Farmers are taught to observe the bee populations as indicators of parasitism since parasitoids are too microscopic to be seen and the concept of parasitism difficult to explain. The community experiments in Cai Be district showed that rice farms with ecological engineering modifications had significantly higher predators and parasitoids and lower pests.
Beyond the farmer experiments, motivational campaign materials are also developed to scale up the dissemination of ecological engineering. Messages were positioned in “gain” frames. The 3 benefits of using ecological engineering that are communicated are: 1) Flowers in rice environments will bring in bees and their relatives (parasitoids) to protect your rice from invading hoppers, 2) Insecticide use is reduced since they kill the bees and relatives, and 3) Profits are increased. These are presented as a cluster of simple rules as follows:
Simple rule cluster
Flowers on the bunds provide food to attract bees and relatives.

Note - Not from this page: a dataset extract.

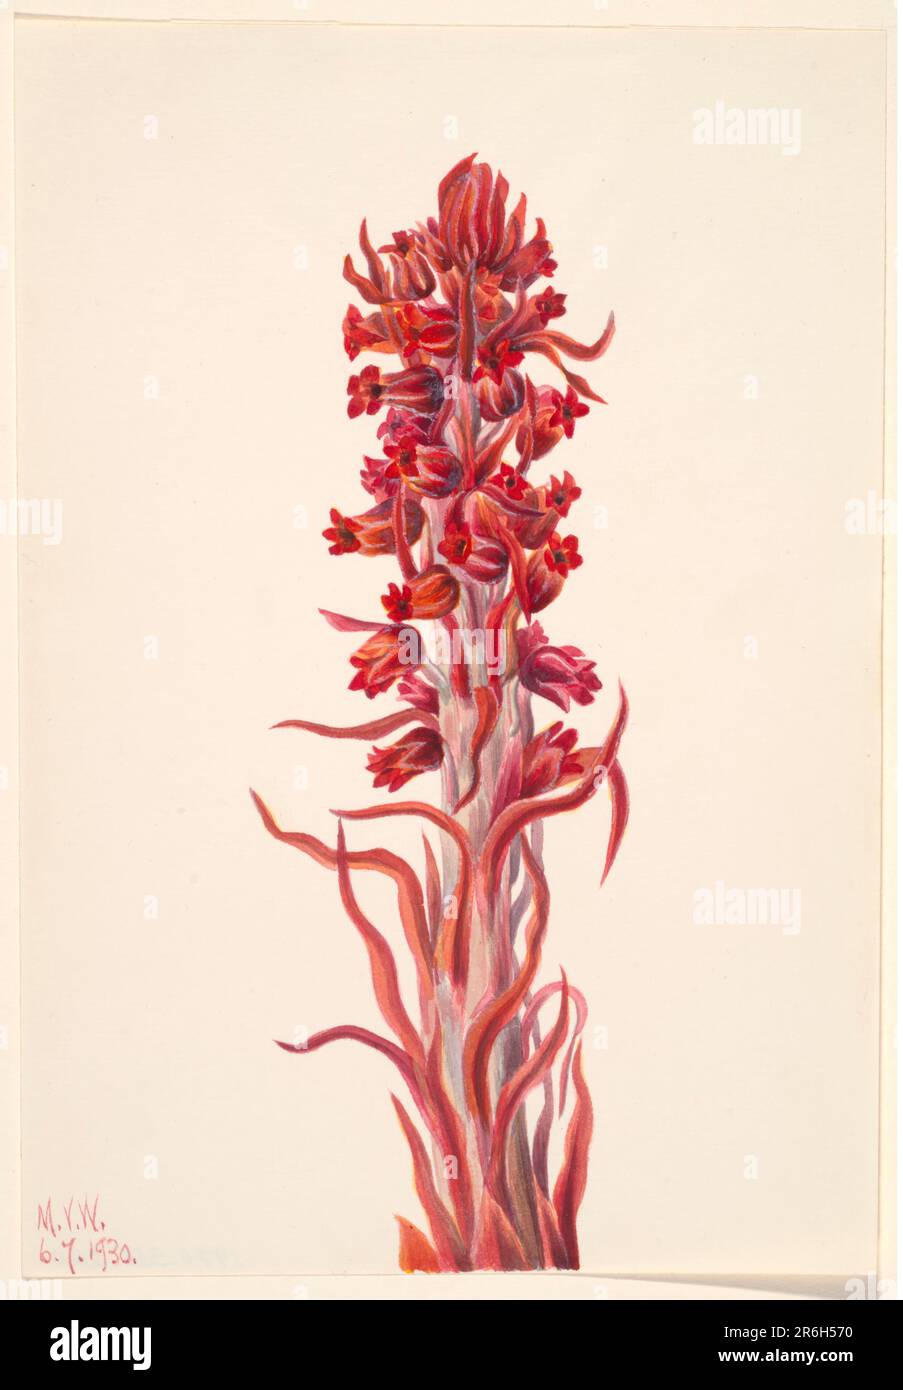 Snow Plant (Sarcodes sanguinea). Watercolor on paper. Date: 1930. Museum: Smithsonian American Art Museum. Stock Photo

The bees and relatives will help me control the hopper invading my fields, so I don’t need insecticides.
If I apply insecticides, it will kill the bees and relatives.
Borror DJ, DeLong DW, Triplehorn CA. 1976. An introduction to the study of insects. Holt, Rinehart and Winston, New York, USA. 852 p.
Dale E. 1946. The cone of experience. In Audio-visual methods in teaching. (pp. 37-51). Dryden Press, New York.
Kolb, D.A., Boyatzis, R.E. and Mainemelis. C. 2000. In: Sternberg, R.J. and Zhang, L.F. (Eds.) Perspectives on cognitive, learning, and thinking styles. Larence Erlbaum, New Jersey.